Historic 144-year-old English Store Burnt by Rioters

For more than 140 years, the House of Reeves was a landmark in Croydon, a family-run business that supplied generations of families as the area changed from a small town to a London suburb.

On Tuesday, it was a smoldering ruin, reduced to a shell in minutes by rioters who surged through the neighborhood, looting and burning.

“I’m the fifth generation to run this place,” said owner Graham Reeves, looking puffy-eyed and shocked. “I have two daughters. They would have been the sixth.”

Edvin Reeves first opened the store in Croydon – which was then a separate town nine miles (15 kilometers) south of London and is now one of the capital’s larger suburbs -in 1867. The business prospered, and he was able to hand the store down to his descendants, who kept it going through two World Wars and the Great Depression. The store, which employs around 15 people, is now run by Graham and his older brother Trevor.

“I’m devastated. All my life was there,” Graham Reeves said. “I carried my wife across the threshold of the store 30 years ago.”

The 52-year-old was bewildered by the attack on the store.

“No one’s stolen anything. They just burnt it down,” he said. “It’s pointless.”

Reeves said his father, who ran the business before handing it down to his sons, is distraught.

“He’s 80,” Reeves said, adding when he told his father the news “I thought he was going to die.”

Croydon is a multicultural suburb, with good transport links and an old fashioned tram system that links elegant Victorian civic buildings with concrete and glass shopping centers. It has some areas of social deprivation but also a strong sense of civic pride.

The House of Reeves was a landmark – the area around it is known as Reeves Corner -and a much-loved independent store in an area dominated by chains.

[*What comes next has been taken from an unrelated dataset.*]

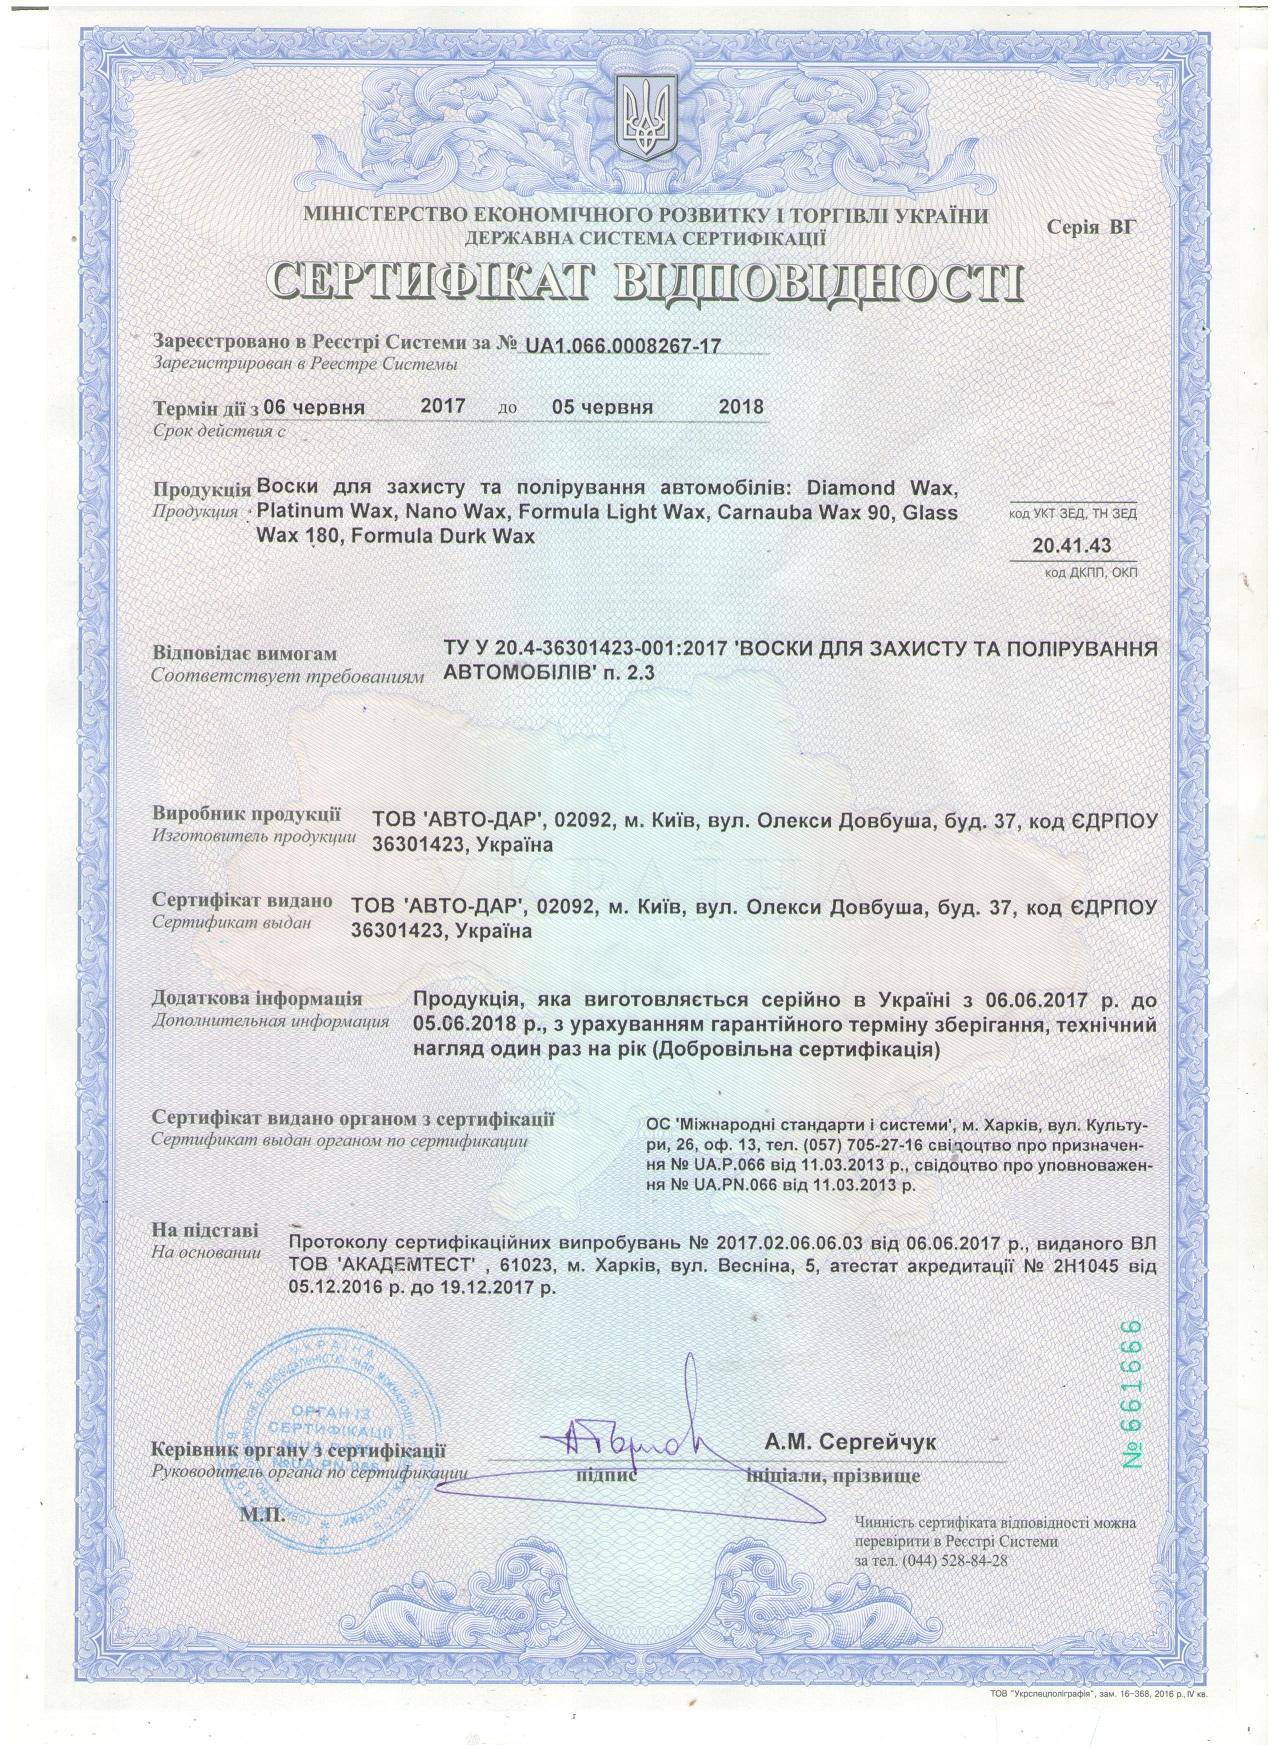 Малахит ИСК, ООО

“The police let us down,” said Andrew Hinton, a 26-year-old construction worker looking at the burned building. “They guarded the Whitgift (a large shopping mall) round the corner but let the independents like this burn.”

Reeves said the store was insured, but the task of rebuilding is daunting.

First things first: His father is insisting that stock stored across the street be delivered to customers, just like they promised.

“He wants to deliver the furniture to people,” he said. “After that I don’t know.”